Attention to elements of posttraumatic growth is compatible with a wide variety of approaches that are currently utilized to help people who are dealing with trauma. Initially, clinicians should address high levels of emotional distress, providing the kind of support that can help make this distress manageable (Tedeschi and Calhoun, 1995). Allowing a distressed patient to regain the ability to cognitively engage the aftermath of the trauma in a rather deliberate fashion will promote the possibility for posttraumatic growth.

Clinicians must feel comfortable and be willing to help their patients process their cognitive engagements with existential or spiritual matters and generally respect and work within the existential framework that patients have developed or are trying to rebuild in the aftermath of a trauma. Further-more, although individual patients may need additional specific interventions designed to alleviate crisis-related psychological symptoms, listening--without necessarily trying to solve--tends to allow patients to process trauma into growth (Calhoun and Tedeschi, 1999). In fact, one way of insuring that clinicians practice this sort of approach is to relate to the trauma survivor's story in a personal manner. Being changed oneself as a result of listening to the story of the trauma and its aftermath communicates the highest degree of respect for the patient and encourages them to see the value in their own experience. This acknowledged value is a short step away from posttraumatic growth.

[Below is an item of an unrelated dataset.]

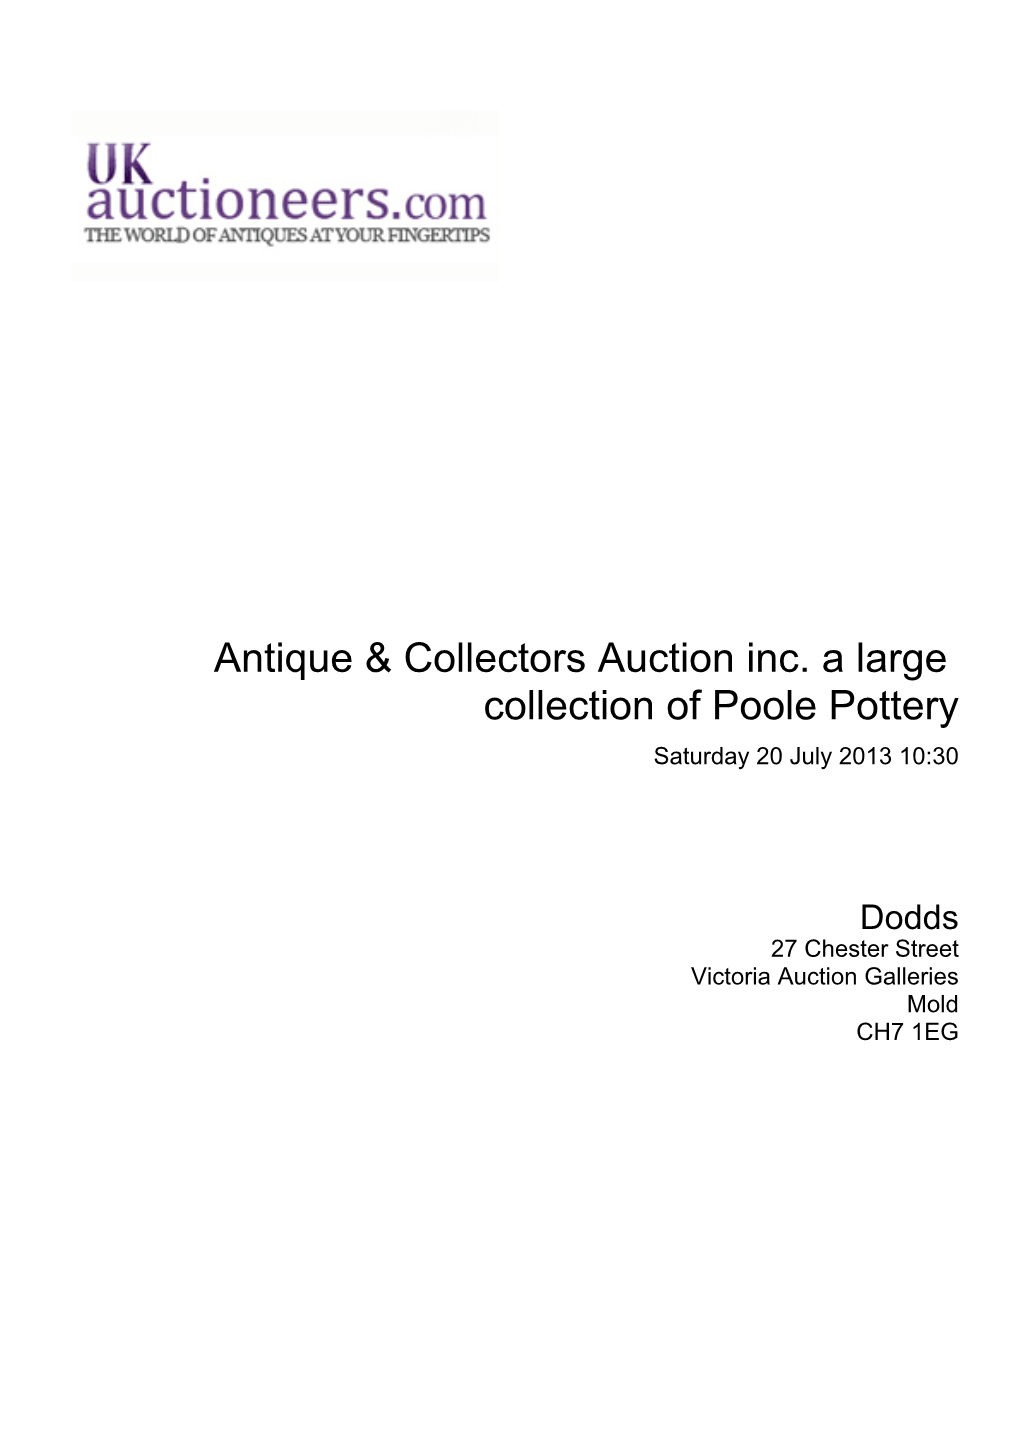 Antique & Collectors Auction Inc. a Large Collection of Poole Pottery

The immediate aftermath of tragedy is a time during which clinicians must be particularly sensitive to the psychological needs of the patient. Never engage in the insensitive introduction of didactic information or trite comments about growth coming from suffering. This is not to say that systematic treatment programs designed for trauma survivors should not include growth-related components, because these may indeed be helpful (Antoni et al., 2001). A posttraumatic growth perspective can be used even in critical incident stress management (Calhoun and Tedeschi, 2000). However, even as part of a systematic intervention program, matters related to growth are best addressed after the individual has had a sufficient amount of time to adapt to the aftermath of the trauma.

Caveats About Posttraumatic Growth

In order to clarify the clinical perspective on posttraumatic growth, we offer these reminders. First, posttraumatic growth occurs in the context of suffering and significant psychological struggle, and a focus on this growth should not come at the expense of empathy for the pain and suffering of trauma survivors. For most trauma survivors, posttraumatic growth and distress will coexist, and the growth emerges from the struggle with coping, not from the trauma itself. Second, trauma is not necessary for growth. Individuals can mature and develop in meaningful ways without experiencing tragedy or trauma. Third, in no way are we suggesting that trauma is "good." We regard life crises, loss and trauma as undesirable, and our wish would be that nobody would have to experience such life events. Fourth, posttraumatic growth is neither universal nor inevitable. Although a majority of individuals experiencing a wide array of highly challenging life circumstances experience posttraumatic growth, there are also a significant number of people who experience little or no growth in their struggle with trauma. This sort of outcome is quite acceptable--we are not raising the bar on trauma survivors, so that they are to be expected to show posttraumatic growth before being considered recovered.